_Aim of the task_. Look below for the line with "Kreo Halo 12"; begin the copy there and stop after the line with "<i>Caples Lake</i> <br>1993", keeping the text exact and the pictures out.

_Information provided_.
Content starts

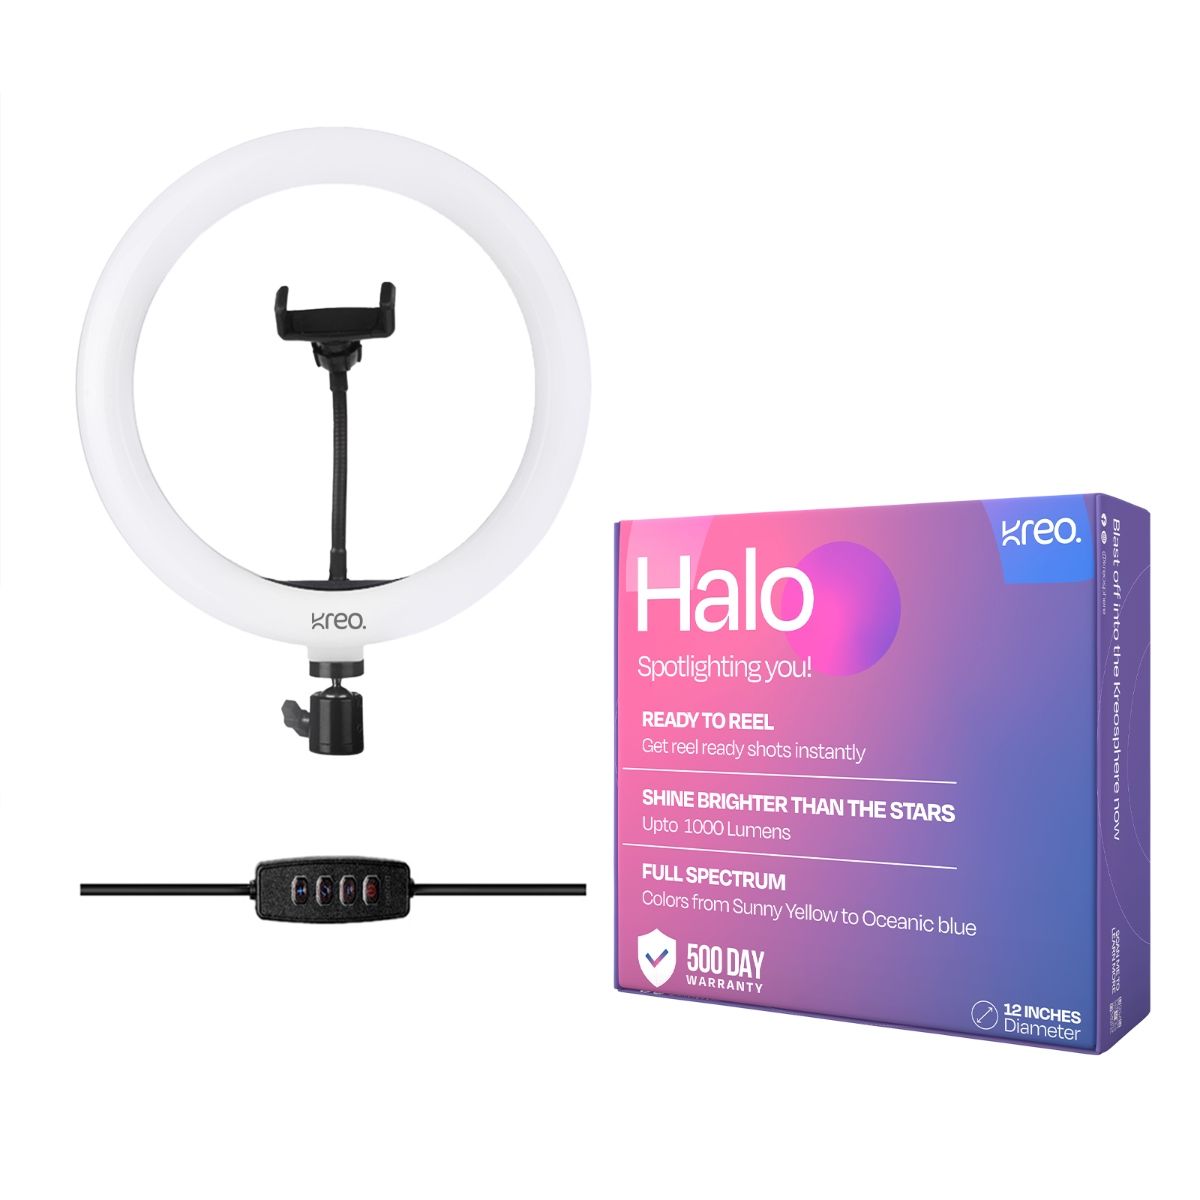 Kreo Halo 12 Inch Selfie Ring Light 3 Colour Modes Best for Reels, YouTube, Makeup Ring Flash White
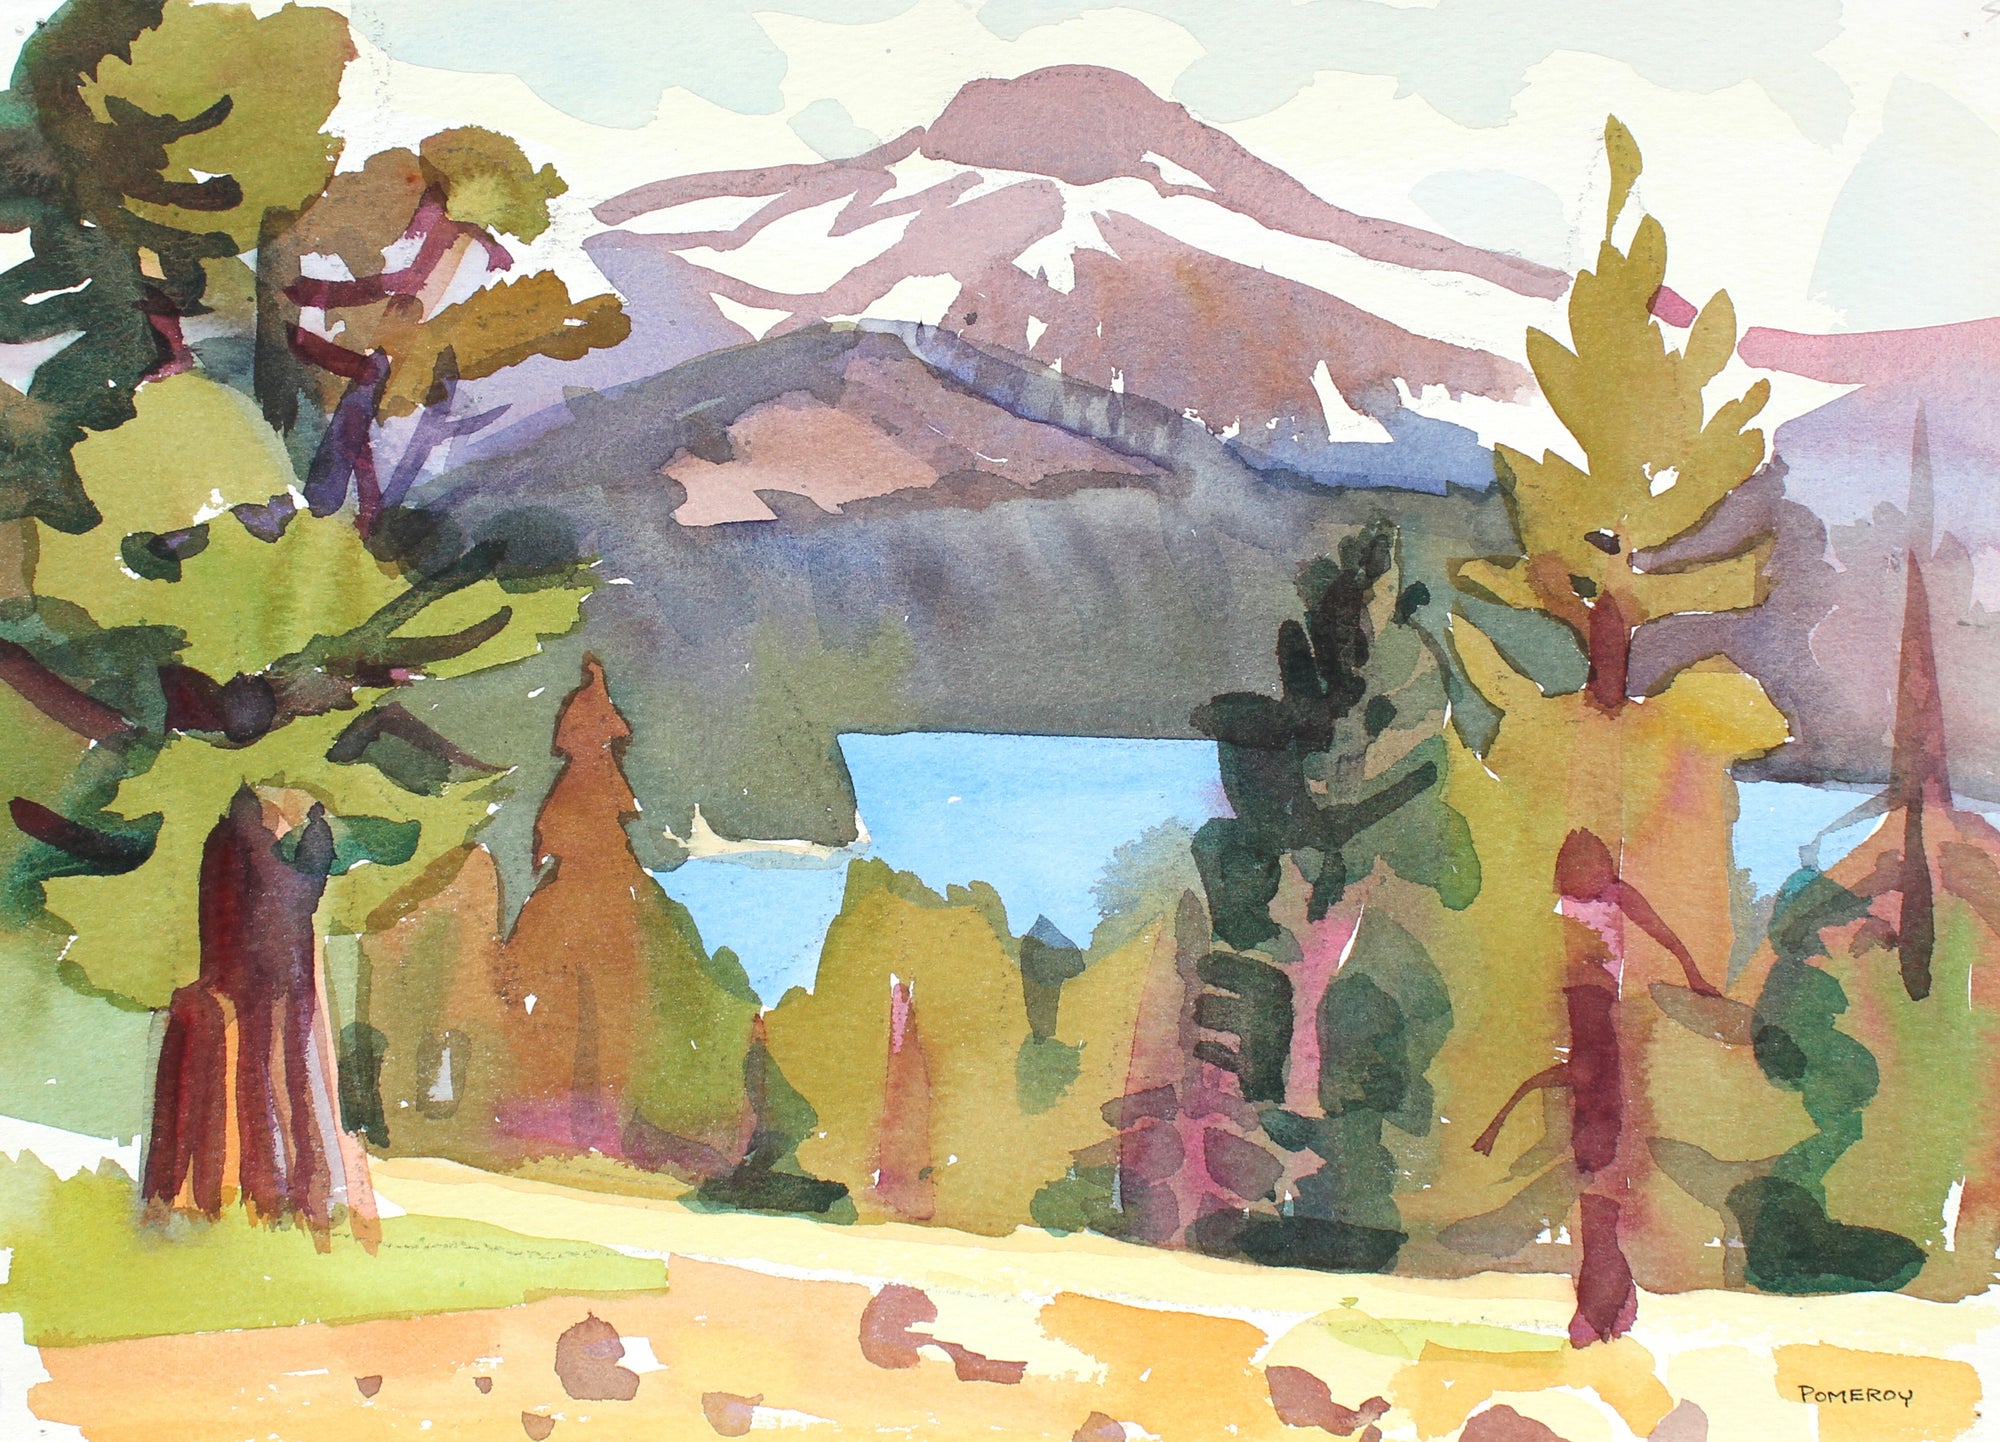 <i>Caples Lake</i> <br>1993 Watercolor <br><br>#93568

Content ends
Content starts

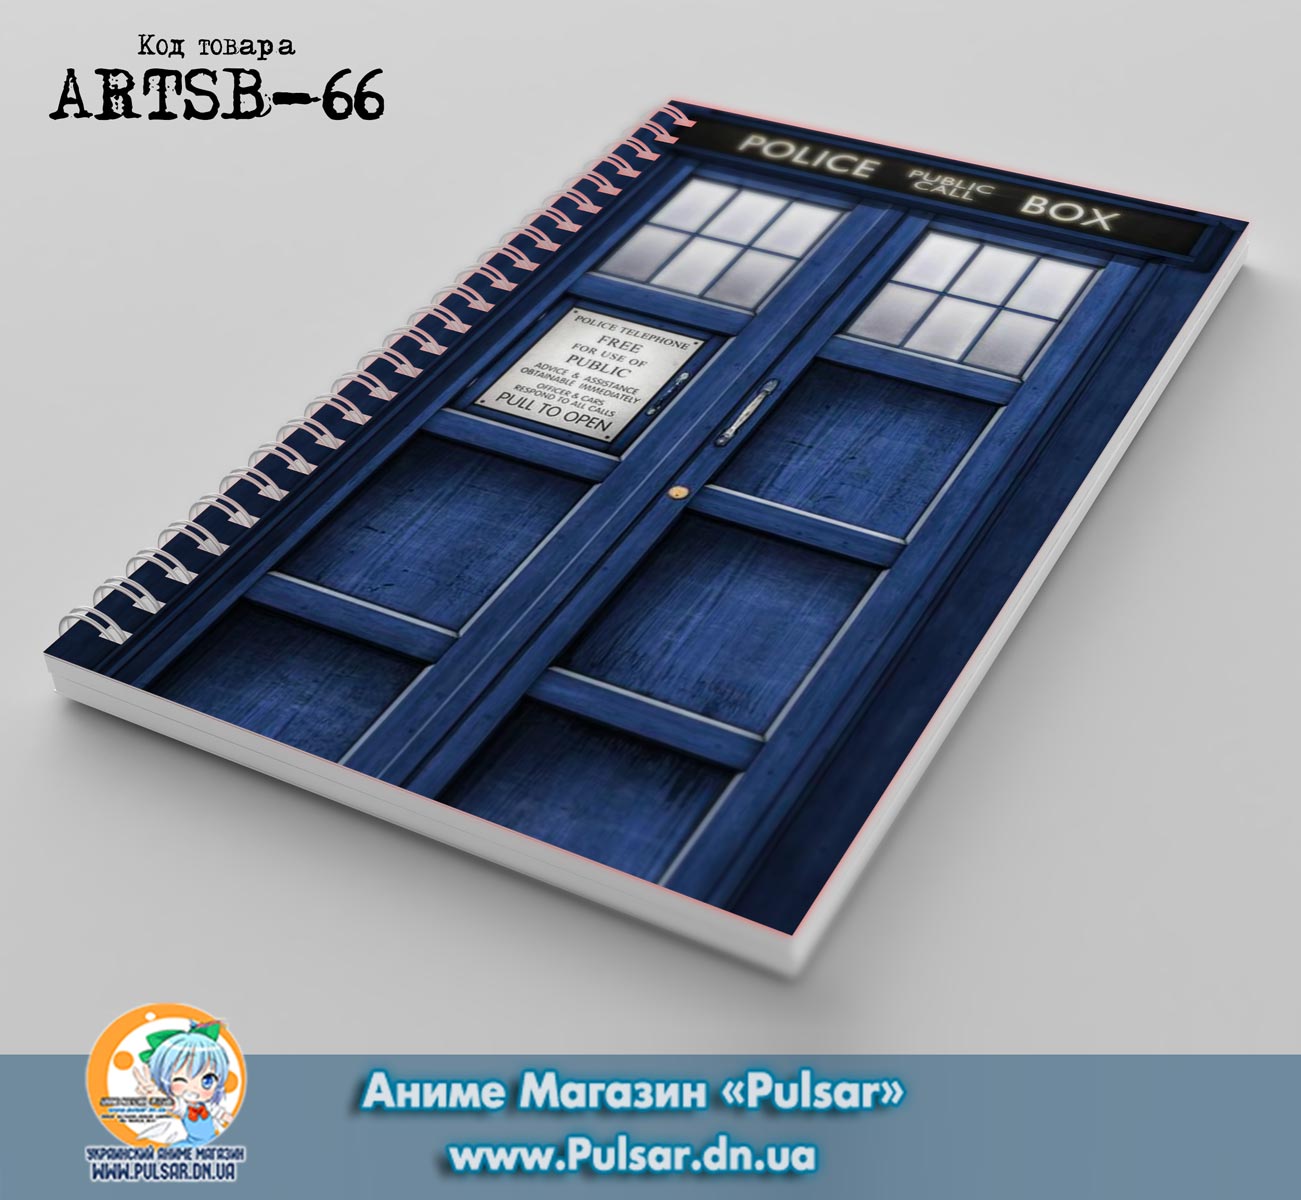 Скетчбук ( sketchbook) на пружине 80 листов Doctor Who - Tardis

Content ends

_Exercise answer_.
 Kreo Halo 12 Inch Selfie Ring Light 3 Colour Modes Best for Reels, YouTube, Makeup Ring Flash White
 <i>Caples Lake</i> <br>1993 Watercolor <br><br>#93568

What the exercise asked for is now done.